The American academic chosen to lead NYU Shanghai, a liberal-arts campus expected to serve up to 3,000 students, is already working in China. Jeffrey S. Lehman, soon to become vice chancellor, founded a law school in the country in 2008, the first to award Chinese and American law degrees in one program.
Running NYU Shanghai is “a dream opportunity to extend the work I’ve been doing for the last five years in China,” said Mr. Lehman, speaking by phone from his office at Peking University School of Transnational Law, which is based not in the Chinese capital but in Shenzhen, on the Hong Kong border. “It is a chance to bring a great university to China, which is a country I’ve come to care for, and to help to develop a new model for education.”
He will be steering the new institution jointly with Yu Lizhong, president of NYU’s local partner, East China Normal University. In line with rules on academic joint ventures, Mr. Yu will be the chancellor and will play a major role in government relations. Mr. Lehman, as vice chancellor, will have free rein in academic affairs. The first students will arrive in fall 2013, the majority of them from China.
Before he went to China, Mr. Lehman, now 55, was dean of the University of Michigan Law School and then president of his alma mater, Cornell University. He quit in 2005, after just two years, because of disagreements with its Board of Trustees over how to realize the university’s long-term vision.
His next project, the law school in Shenzhen, reflects his strong belief in globalized education, which dates back to his junior year in Paris, and his excitement when he observed first-hand the rise of China, during a 1998 trip there with a State Department-backed lawyers’ delegation. His efforts to build academic bridges to China led Peking University to invite him to create a cross-cultural law school.
When NYU’s president got a similar invitation from Shanghai city officials, Mr. Lehman was an obvious person to call. John Sexton, NYU’s president and a longtime friend of Mr. Lehman’s, sought the Shenzhen law-school dean’s advice early on. Mr. Lehman served first as an informal consultant, then on the project payroll.
The talks with Chinese officials “never had the feel for us of dealing with a different side. It was a very organic process, and Jeff fit in beautifully,” says Mr. Sexton.
Mr. Lehman says his disappointment over his time at Cornell has taught him to make sure his vision of an institution is aligned with other people’s.
But many partnerships have foundered after promising beginnings.
How does he plan to avoid the common pitfalls of overseas offshoots, which are often less popular with local students than is going abroad to study, or are derailed by the difficulties of retaining high-quality tenured faculty?
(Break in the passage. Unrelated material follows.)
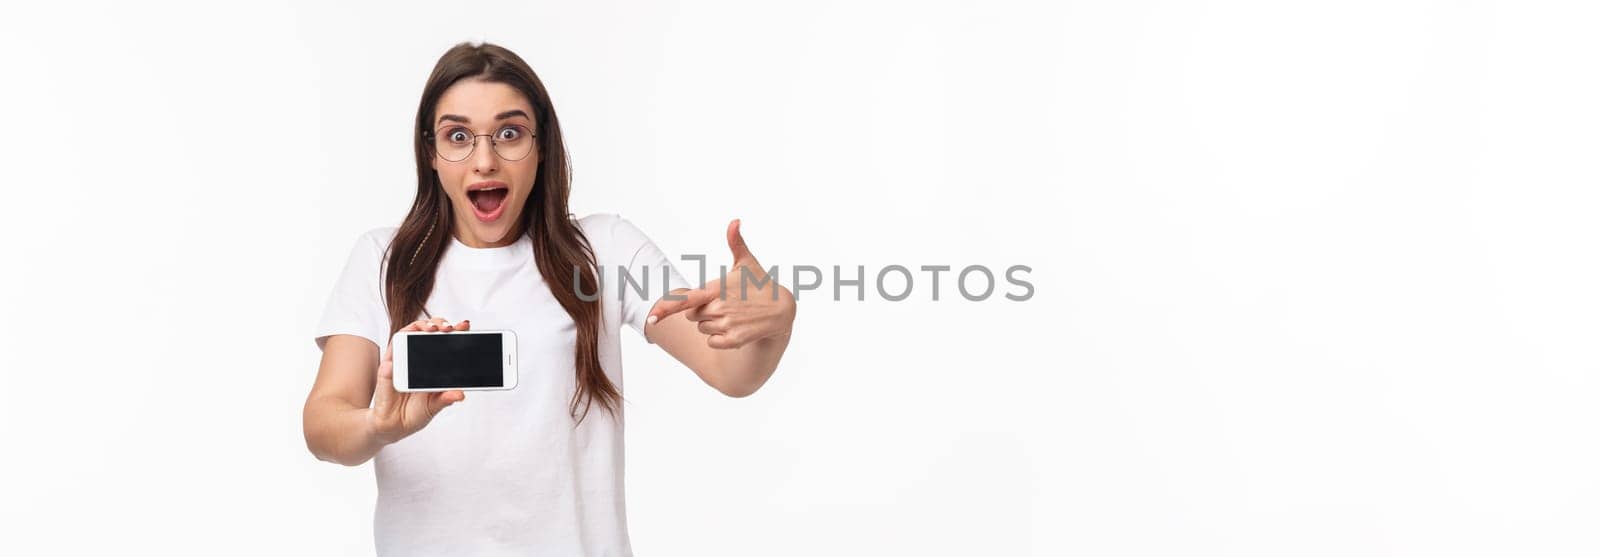 Communication, technology and lifestyle concept. Portrait of surprised and excited young woman in glasses hurry up with announcement of awesome new application, pointing at mobile phone.

“It needs to be a place that people want to go, and Shanghai meets that test,” he says. Stellar staff at NYU and “astonishing” people from elsewhere have already expressed interest, he says.
Mr. Lehman expects to be splitting time 50-50 between Shanghai and New York for the next year as he crams “to learn NYU” by meeting faculty.
Academic freedom in China is curtailed by red lines around such sensitive subjects as political reform or Tibetan independence. NYU’s agreement is that all campus discussions be unfettered. The law school in Shenzhen has had “absolutely zero problems,” Mr. Lehman says, even when guest lecturers gave controversial civil-rights classes. But, he says, “I expect there will come a moment when there will be a disagreement.”
Potential sources of friction are student activism (foreign students must realize they are not exempt from Chinese law, he warns) or the pragmatic materialism behind China’s leaders’ enthusiasm for innovation and the liberal arts.
When Mr. Lehman told Premier Wen Jiabao at a recent meeting that his current crop of law students were “magical, like young Harry Potters,” he says, the premier laughingly replied that he’d prefer to hear China’s youth compared to young Steve Jobs.